Las manos de Paula se posaron sobre su pecho y los dedos se enterraron en la fina capa de vello que lo cubría. Un tentador pulgar le frotó el pezón, estimulando múltiples terminaciones nerviosas que habían estado inactivas por demasiado tiempo.


Ni siquiera se habían besado y su erección ya se tensaba contra sus pantalones.


No importaba cuánto la deseara, él no apresuraría este momento. No, este era un momento para explorar, sentir, tocar, probar y experimentarlo con todo su ser.


Pedro inclinó la cabeza, apretó los labios contra el cuello de Paula y sintió su pulso que latía con fuerza. Mordisqueó, lamió y besó hasta llegar a su clavícula. Entonces, el cuerpo de Paula se amoldó al suyo.


Pedro la envolvió en sus brazos. Sus labios se despegaron de aquella dulce piel y encontraron la boca de Paula, que gimió mientras la besaba, pero no hizo ningún movimiento para acelerar el momento. Era como si se hubieran puesto de acuerdo en no apresurarse, en hacer el amor lentamente, profundamente.


Sus labios eran suaves, sabrosos. La boca de Pedro se quedó en la de ella, explorando primero con los labios, aprendiendo acerca de cada curva, cada movimiento que la hacía gemir. Después, le ofreció algo más profundo y acopló su lengua con la de ella. Unas uñas, las de ella, se clavaron en su espalda al tiempo que se apretaba contra él. Sus pechos se aplastaron contra él y ella cedió al placer, dejándose poseer por su boca desesperada. El calor aumentaba, y Paula comenzó a derretirse en sus brazos.

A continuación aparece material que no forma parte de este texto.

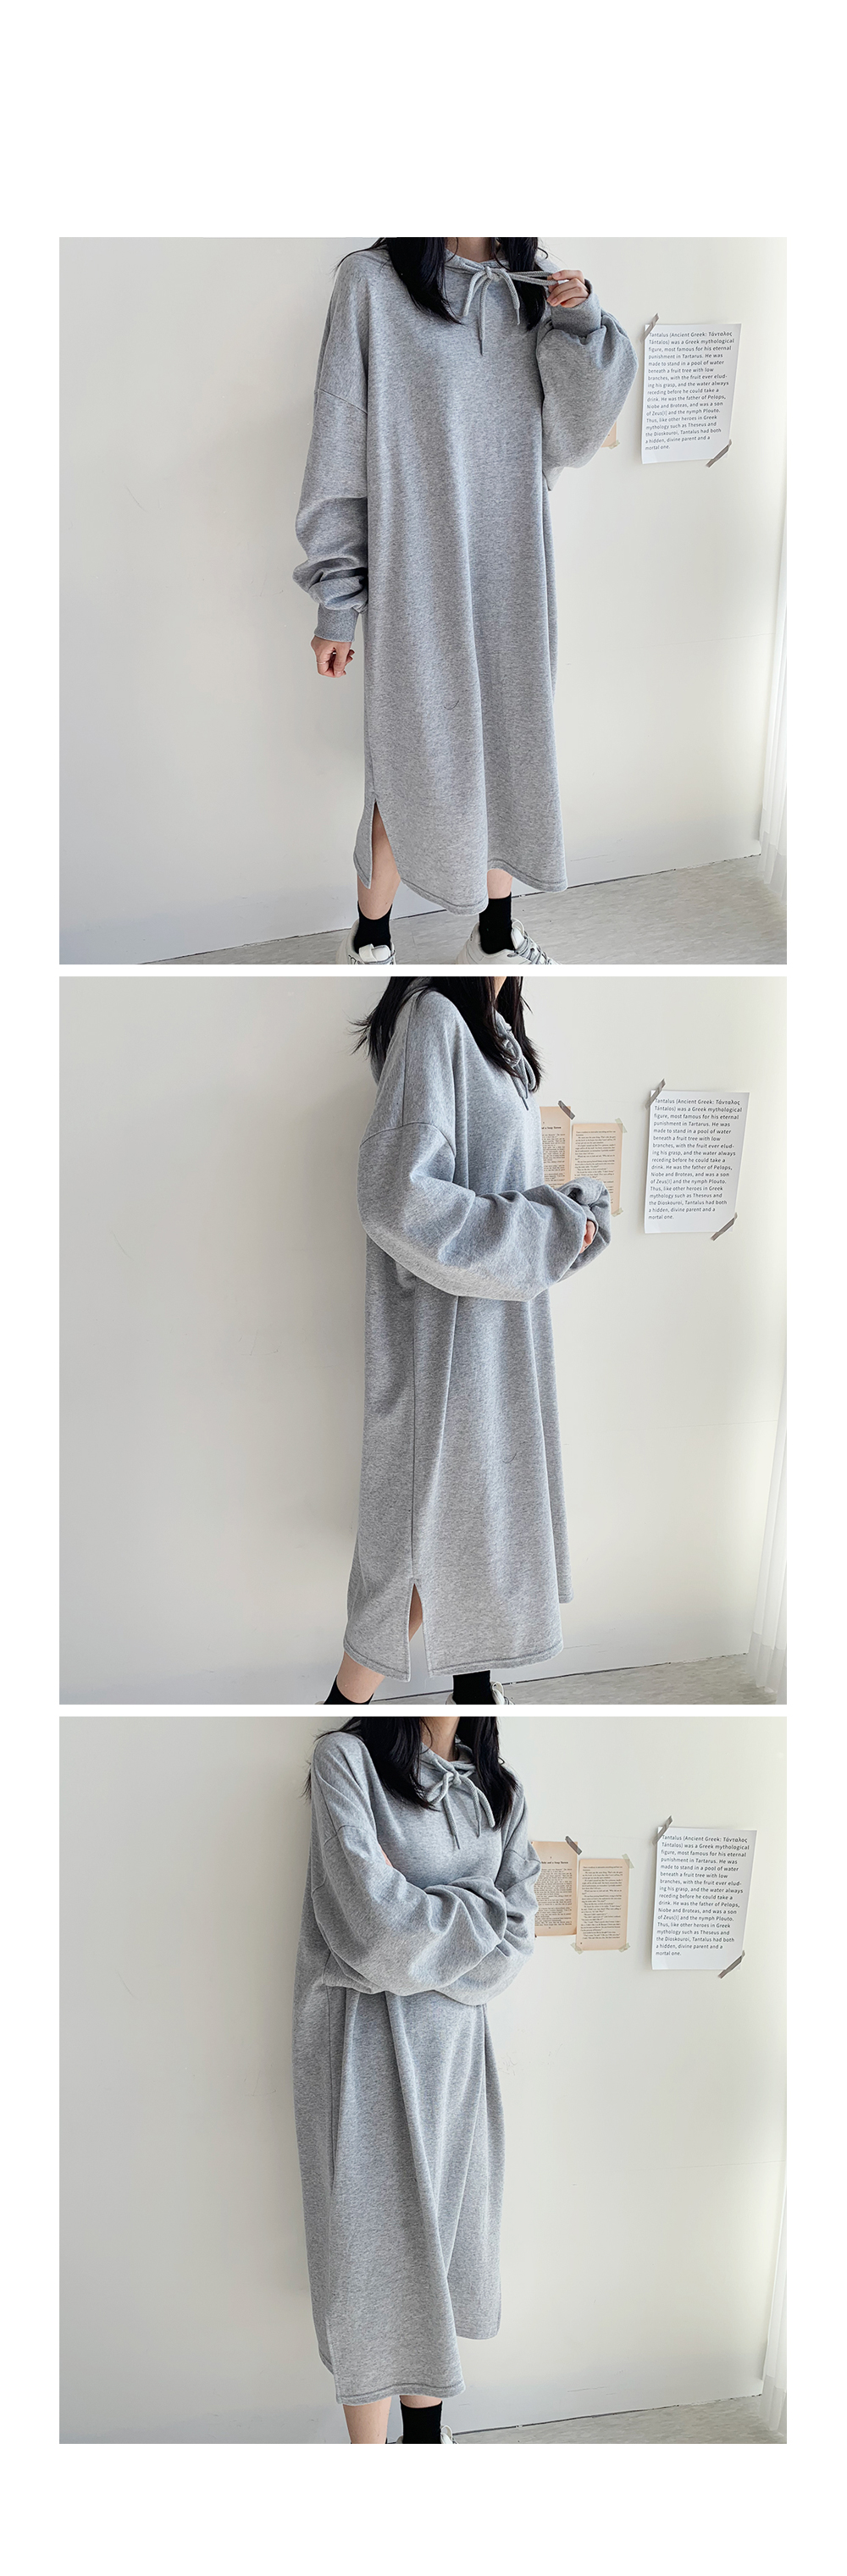 Long Hooded Im Dress

Pedro la empujó hacia atrás, hacia la cama, y se dejó caer sobre el colchón detrás de ella. Las manos de Paula quedaron libres para vagar por la superficie de su carne, y lo hicieron con trazos largos, audaces, por la espalda y por encima de su trasero y sus piernas enfundados en los pantalones vaqueros. Si no estuviera vestido, ya estaría dentro de ella. Era mejor quedarse con los pantalones puestos mientras pudiera soportar la perversa tortura de su tacto.



Paula estaba en llamas. El peso de Pedro presionándola contra la cama era tan agradable como esas manos recorriendo sus caderas, más allá de sus bragas y bajando hacia sus muslos. Sus labios eran armas letales; la lengua, la munición que amenazaba con echar por tierra cada una de sus barreras autoimpuestas.


La besó hasta dejarla sin aliento y luego bajó para besar su cuello, su hombro. Sus manos sostuvieron sus pechos tensos, y una ola de deseo viajó hasta el vientre de Paula y se detuvo en su entrepierna.


Ella levantó la pierna y la puso encima de la de él hasta que la rodilla de Pedro se asentó firmemente contra su cuerpo. 


Era tan delicioso tenerlo en sus brazos. La idea de detenerse ni siquiera se le pasaba por la mente. Solo el deseo de sentir cómo la tocaba por todas partes gobernaba sus pensamientos.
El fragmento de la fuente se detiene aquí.